Sieben Jahre Raketenfeuer auf städtische Zentren kann kein Land tolerieren. Der Islamische Dschihad behauptet, seine Angriffe seien die Antwort auf Israels gezielte Tötung von vier gesuchten Mördern in Bethlehem. Beendet die gezielten Schläge und wir beenden das Raketenfeuer, sagt der Dschihad. Doch diese Art von Gleichung kann und sollte nicht von Israel akzeptiert werden, selbst wenn sie auf irgendeiner Art von Abkommen basiert. Ein Handel, der Israel davon abhält, den Terror zu bekämpfen, jedoch das Schießen von Raketen auf unsere Städte erlaubt, steht nicht zur Debatte.

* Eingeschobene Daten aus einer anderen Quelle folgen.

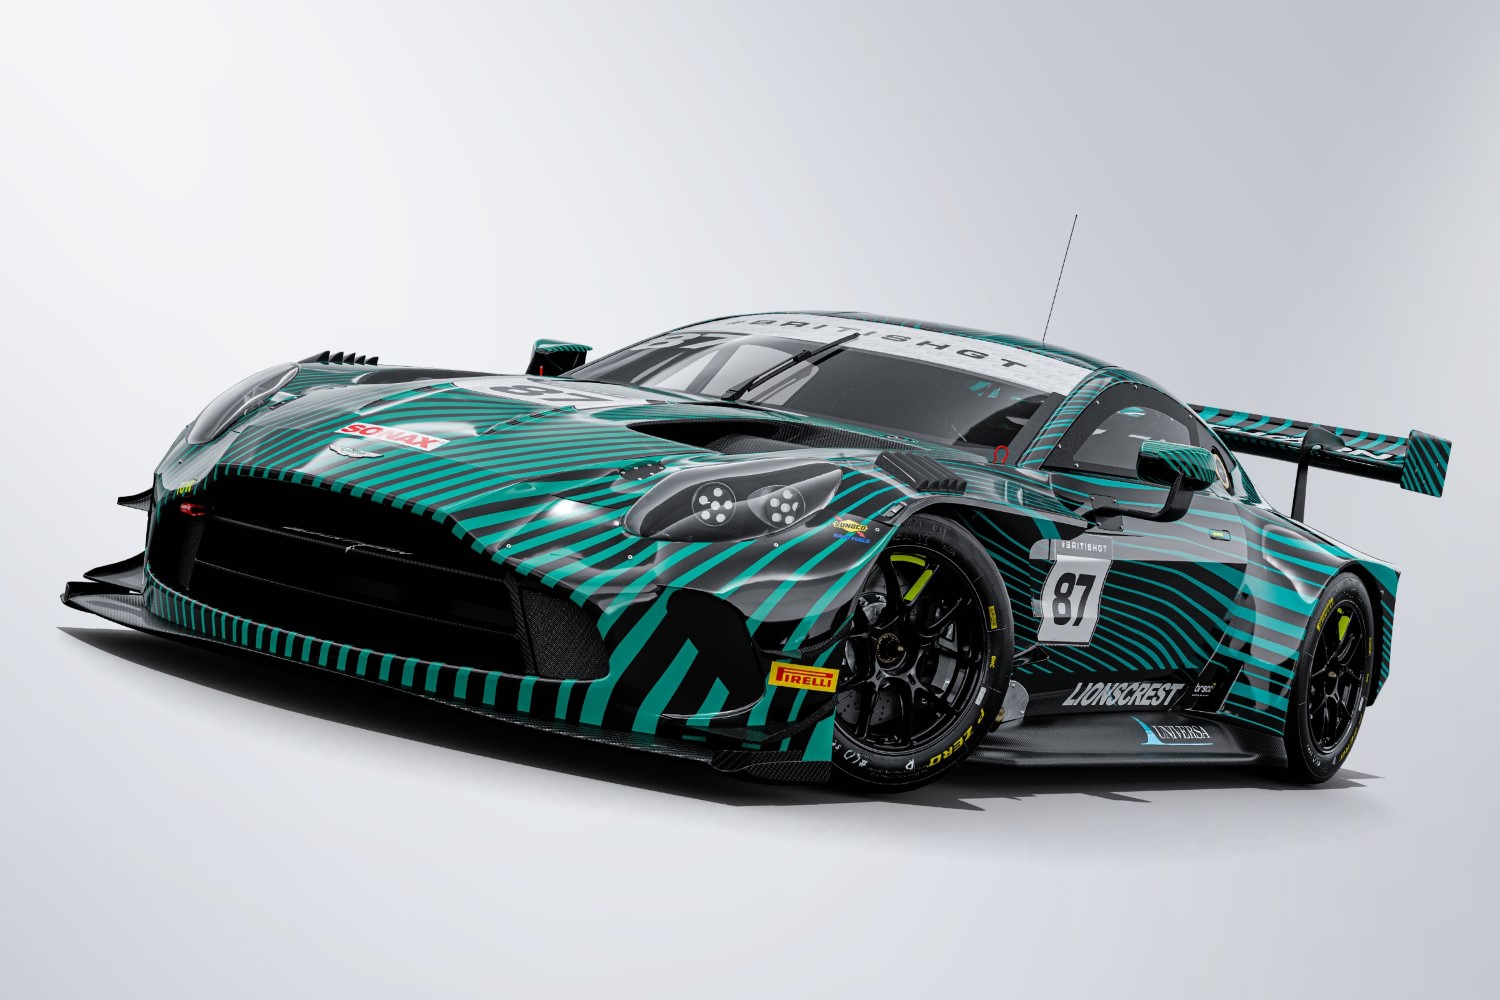 Aston Martin’s GT-Filled Charge To The British GT Championship

Eine Regierung ist vor allem ihren Bürgern verpflichtet. Noble Ansichten mögen schön und gut sein, jedoch nicht, wenn Blut vergossen wird. Eine Verbindung zwischen dem zu schaffen, was im Gazastreifen vor sich geht und dem, was in Judäa und Samaria geschieht, wird nur Angriffe aus dem Westjordanland auf israelisches Kernland provozieren.

Ehud Barak spricht nicht über die Notwendigkeit der „Entscheidung“ im Gazastreifen, um die populistische Rhetorik von Benjamin Netanyahu zu benutzen. Alles, was er möchte, ist ein Ende des Raketenfeuers. Er ist nicht begeistert von einer „Großoffensive im Gazastreifen“. Doch wenn eine Bodenoffensive erforderlich ist, wird unser Kriegsminister nicht vor dem zurückschrecken, was getan werden muss. Und so ist er im Krieg wie im Krieg der Kriegsminister.